Existing at the intersection between painting and print-making, intention and chance, Wade Guyton’s Untitled (2008) exemplifies the artist’s thought-provoking practice. The work belongs to Guyton’s pioneering body of monochrome paintings, and was exhibited in the artist’s seminal show Wade Guyton: Black Paintings at Portikus, Frankfurt, in 2008. Working with pre-primed linen intended for oil-painting, Guyton produced this extensive series of ostensibly black paintings using not a paintbrush, but rather a large-format Epson inkjet printer. After digitally designing rectangular motifs on a computer, Guyton created his paintings by folding the linen ground in half and passing it multiple times through an industrial sized printer, first on one side then the other, leaving a thin white strip running down the centre of each work. Akin to Barnett Newman’s ‘Zip’ paintings, these white bands define the spatial structure of Guyton’s series, simultaneously dividing and unifying his otherwise black and inky compositions. Through a combination of naturally occurring mechanical glitches – such as the linen jamming or running through the printer at an angle – and deliberate manipulations by the artist himself – including pulling and tugging the material to encourage discrepancies across the surface – the ensuing paintings are laden with anomalies, stutters, streaks and smears. In the present work, this is manifest in the distinctive jolt to the top of the white seam, and the erroneous inky blackness which scatters and dissipates in endless layered patterns across the porous linen ground. As the curator Scott Rothkopf attests, Guyton’s paintings “exude a kind of haphazard grandeur, the result of a constant negotiation between technical failure and mastery, physical accident and control” (Scott Rothkopf, ‘Modern Pictures’ in: Exh. Cat., Hamburg, Kunstverein, Colour, Power & Style, 2006, p. 81). Indeed, like a visual evocation of an experimental John Cage composition, Untitled presents the viewer with an intricate, nuanced and mottled surface of dispersed black ink, at once predetermined yet spontaneous, beautiful and flawed.  

 

Contending with notions of reality and reproduction, originality and facsimile, Guyton’s artistic practice explores the ways in which contemporary society is becoming increasingly defined, dictated and dominated by digital technologies.
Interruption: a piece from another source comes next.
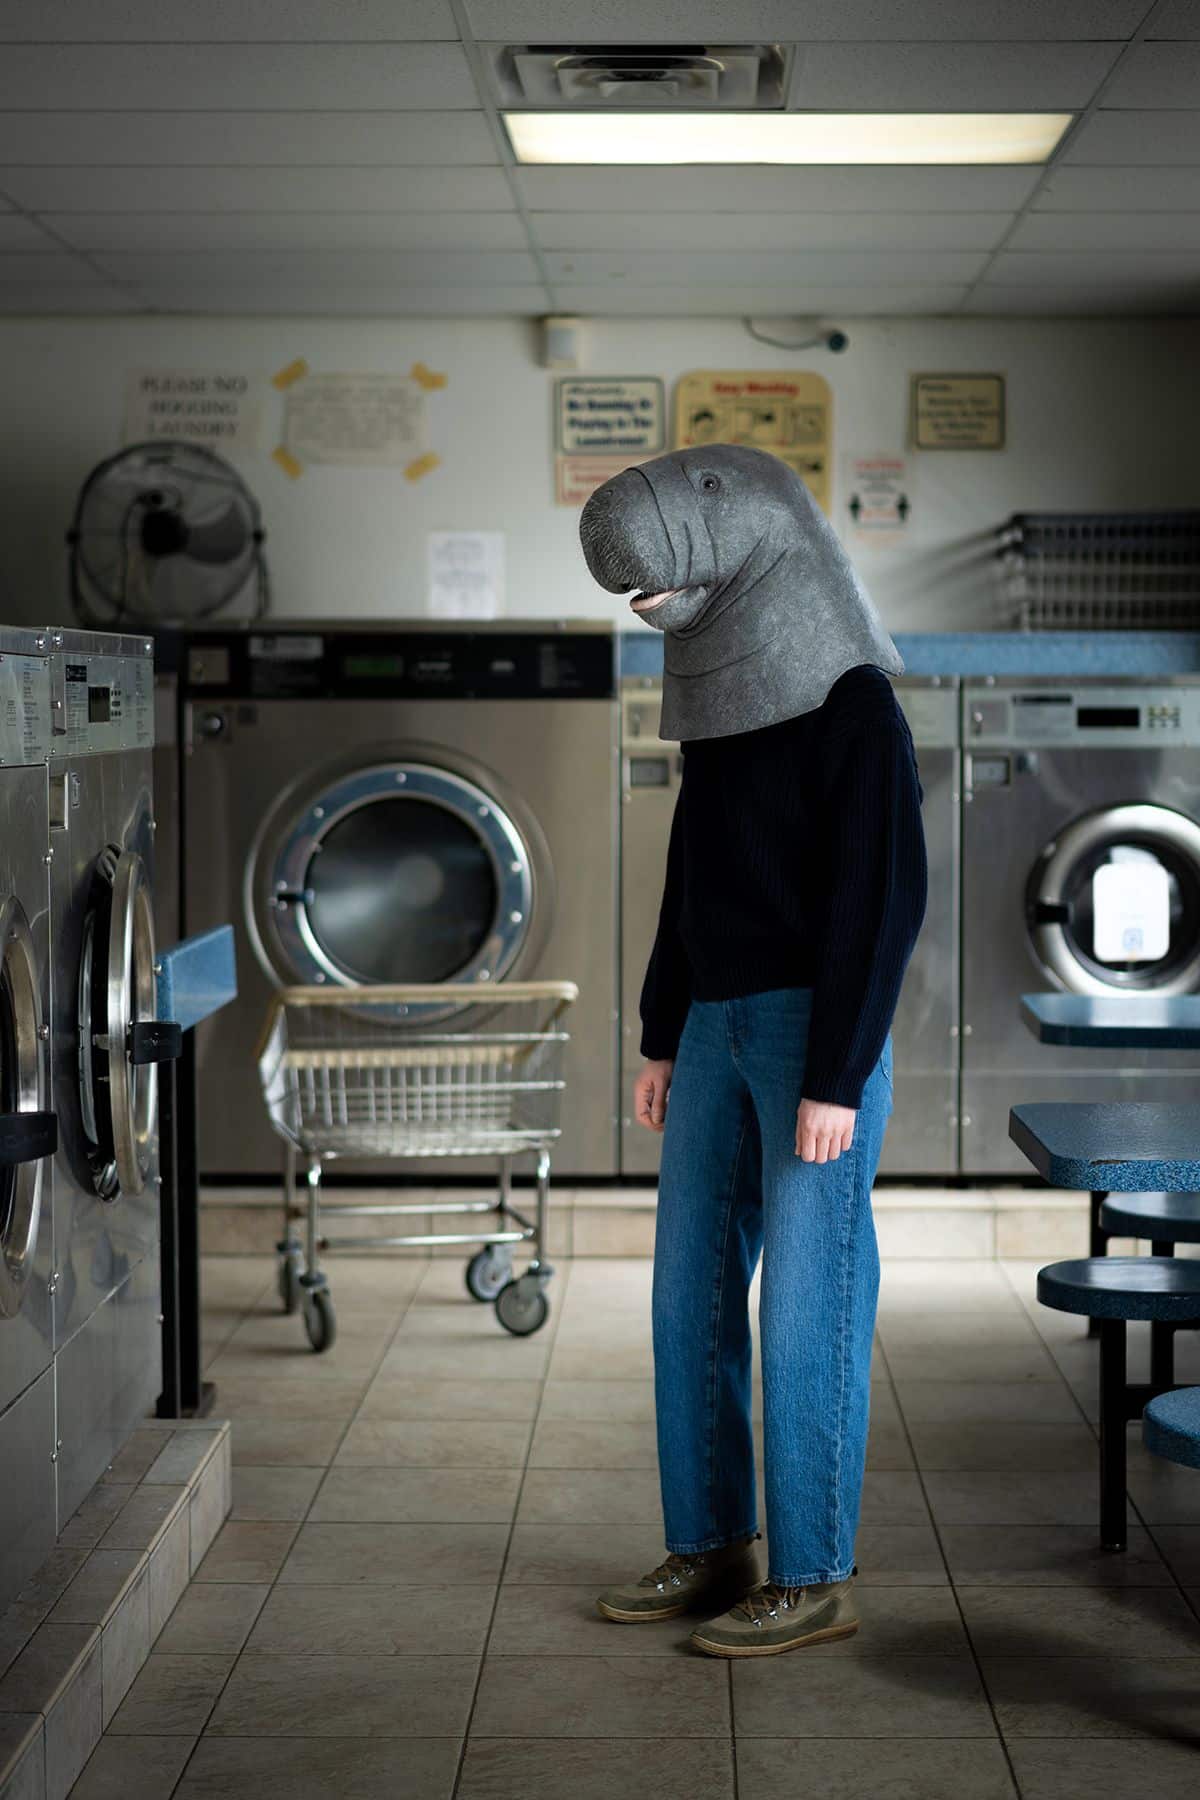 A person in a laundromat wearing a black sweater, blue jeans, and a manatee head head over their head

In works such as the present, Guyton playfully and provocatively removes any sense of artistic gesture or touch from his works in order to test the limitations – and possibilities – of everyday technologies such as the desktop computer, scanner, and inkjet printer. Flitting enticingly between programmed precision and arbitrary chance, his works take the concept of pure abstraction to ground-breaking new heights that celebrate, as the art critic John Kelsey notes, the “weightless, groundless, dimensionless and genderless qualities of information, in the cybernetic sense” (John Kelsey, ‘100%’, in: Exh. Cat., New York, Friedrich Petzel Gallery (and travelling), Wade Guyton, 2008, n.p.). Through his large-scale, almost screen-like black paintings, Guyton toys with the changing structures of language, creativity and human impetus in a world increasingly ordered and controlled by digital media. Engaging with this concept further still in his 2008 Black Paintings exhibition, Guyton covered the gallery floors with sheets of hand-painted black plywood, creating an immersive environment that evoked a visceral overspill of technology into the tangible world. Blurring the boundary between cyber space and real space, man and machine, the infinitely inky black surface of Untitled majestically conjures the shifting, slippery instability between art and technology in the digital age.